Instructions for the task: From top to bottom, return the listing exactly as it appears, omitting its images.

Data block:

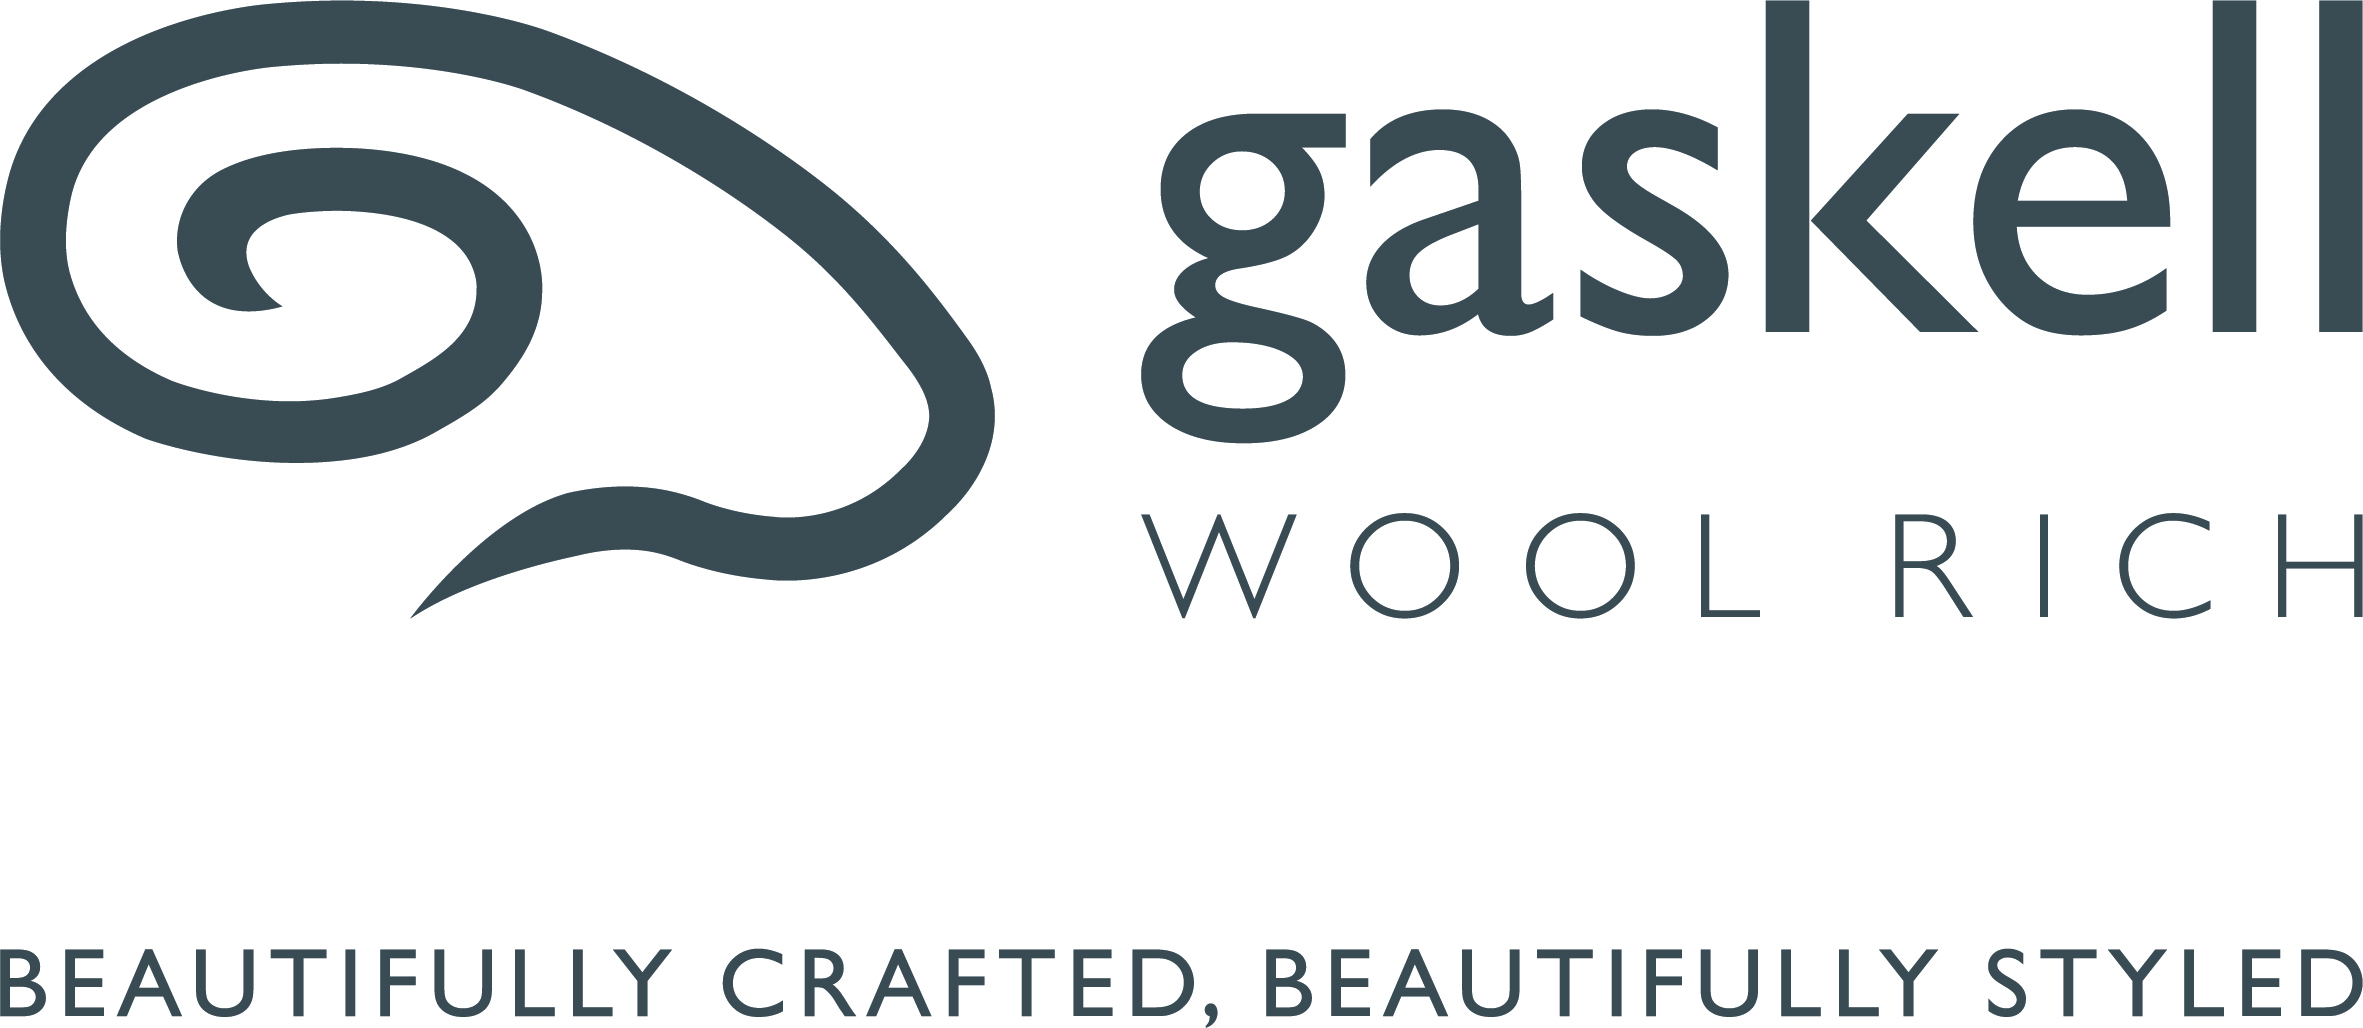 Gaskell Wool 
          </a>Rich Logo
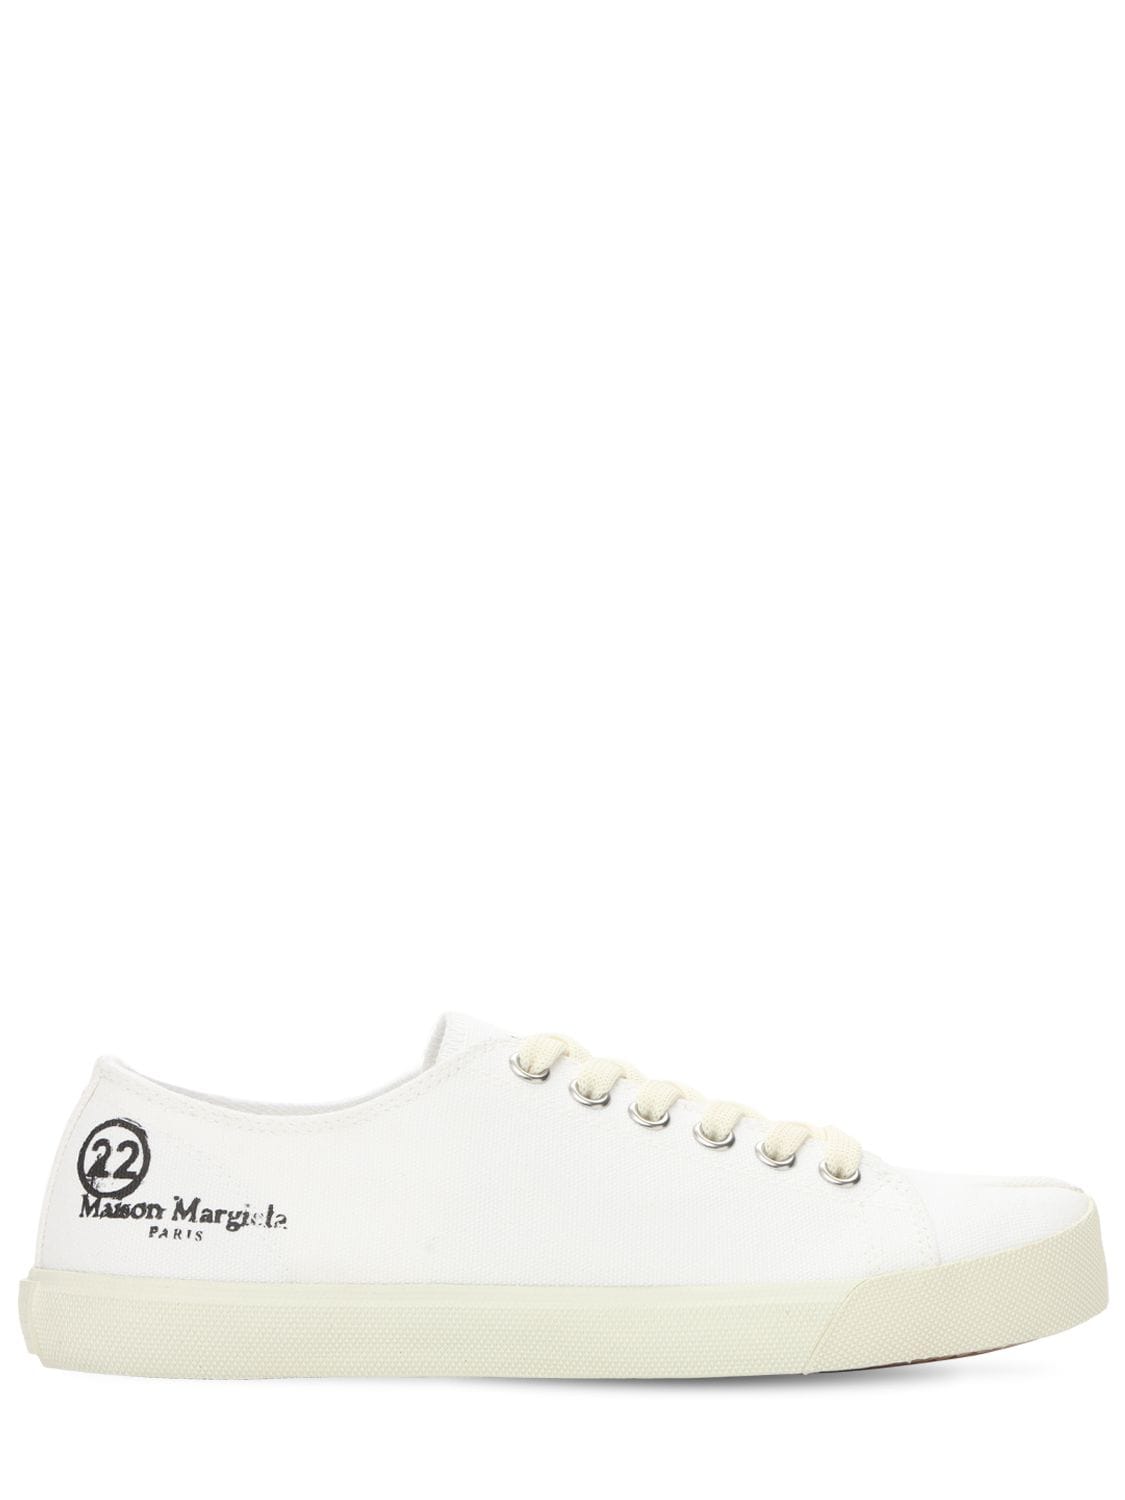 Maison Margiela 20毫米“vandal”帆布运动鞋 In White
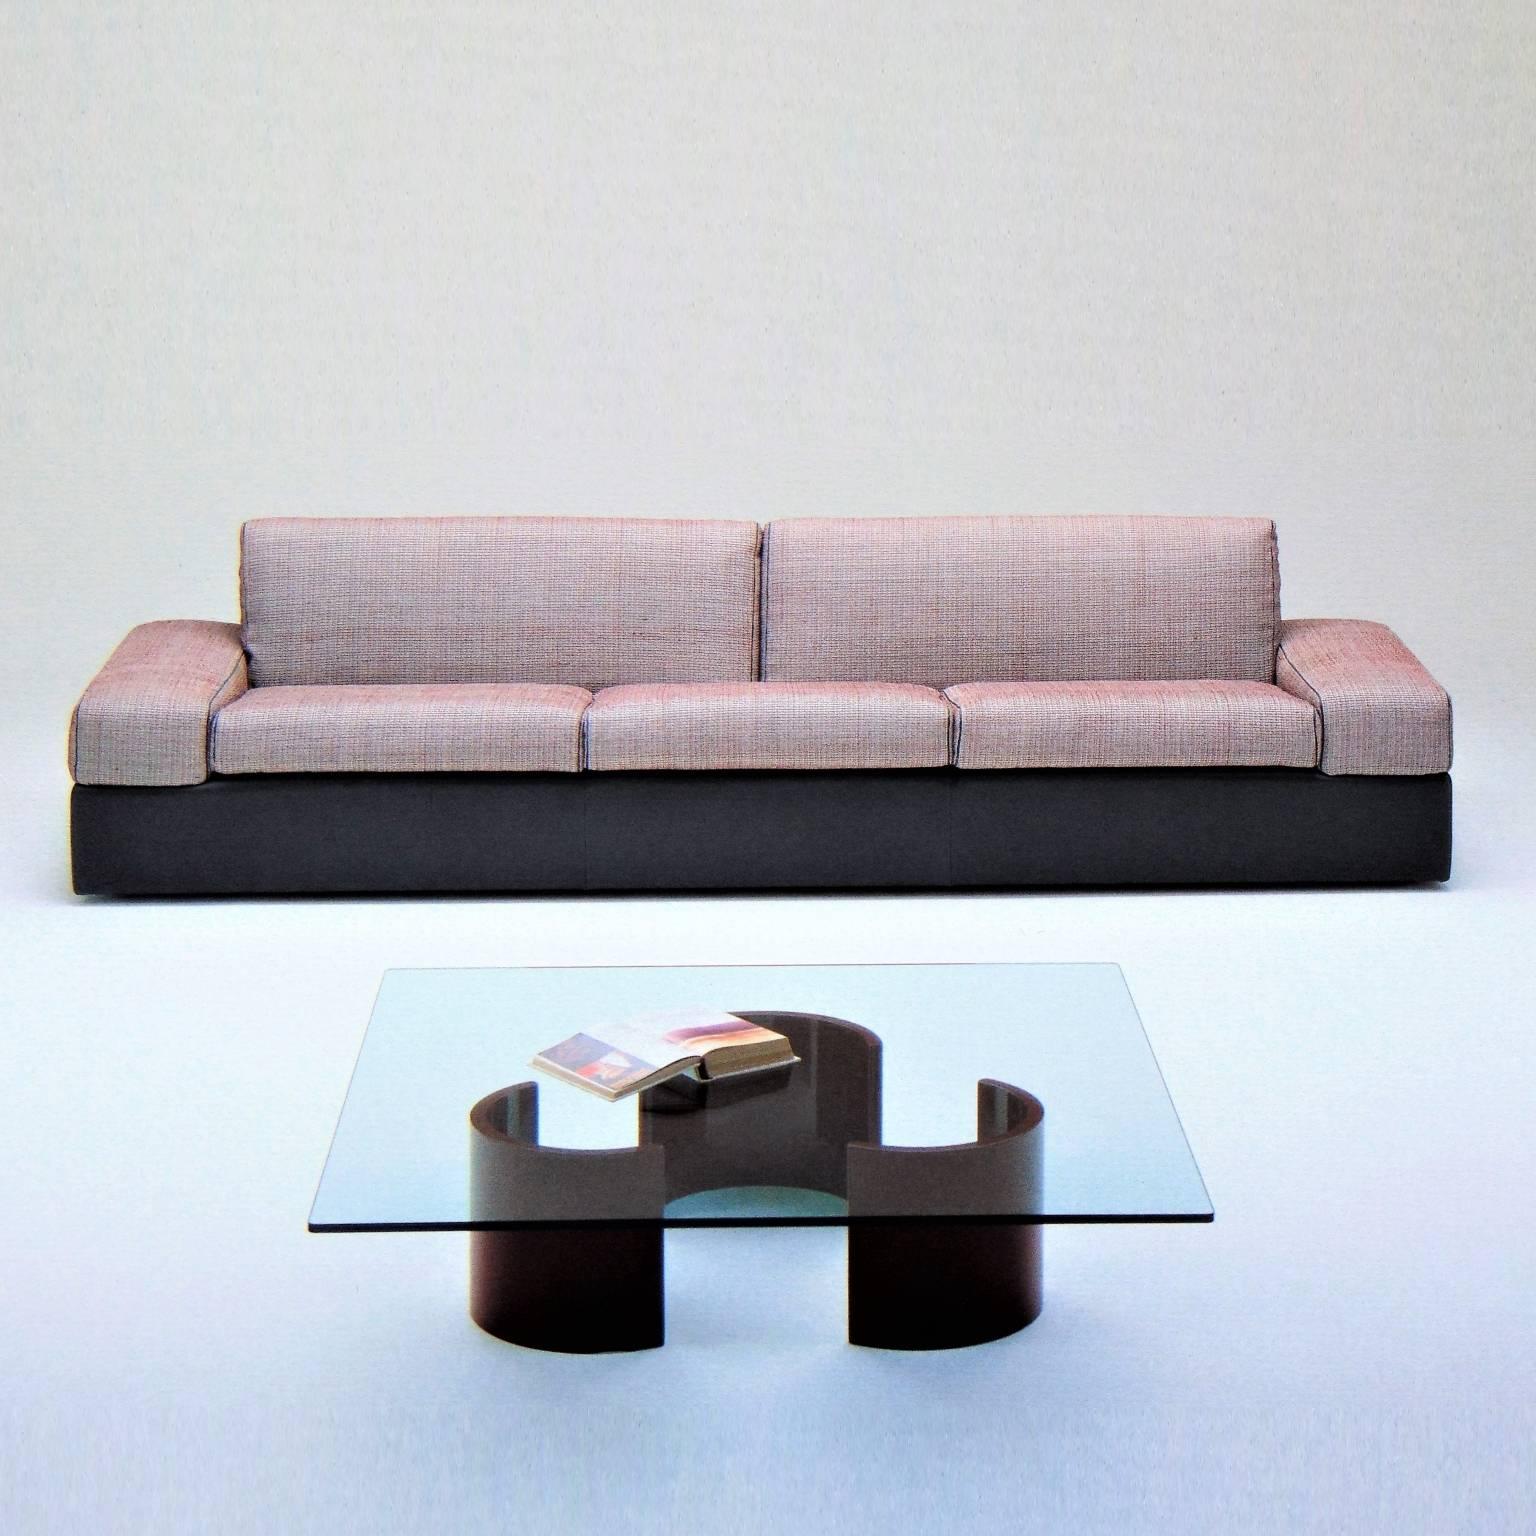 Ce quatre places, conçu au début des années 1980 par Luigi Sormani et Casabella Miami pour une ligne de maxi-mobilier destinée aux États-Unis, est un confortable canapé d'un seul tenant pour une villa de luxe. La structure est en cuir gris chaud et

Answer section:
 Gaskell Wool 
          </a>Rich Logo
 Maison Margiela 20毫米“vandal”帆布运动鞋 In White
 Ce quatre places, conçu au début des années 1980 par Luigi Sormani et Casabella Miami pour une ligne de maxi-mobilier destinée aux États-Unis, est un confortable canapé d'un seul tenant pour une villa de luxe. La structure est en cuir gris chaud et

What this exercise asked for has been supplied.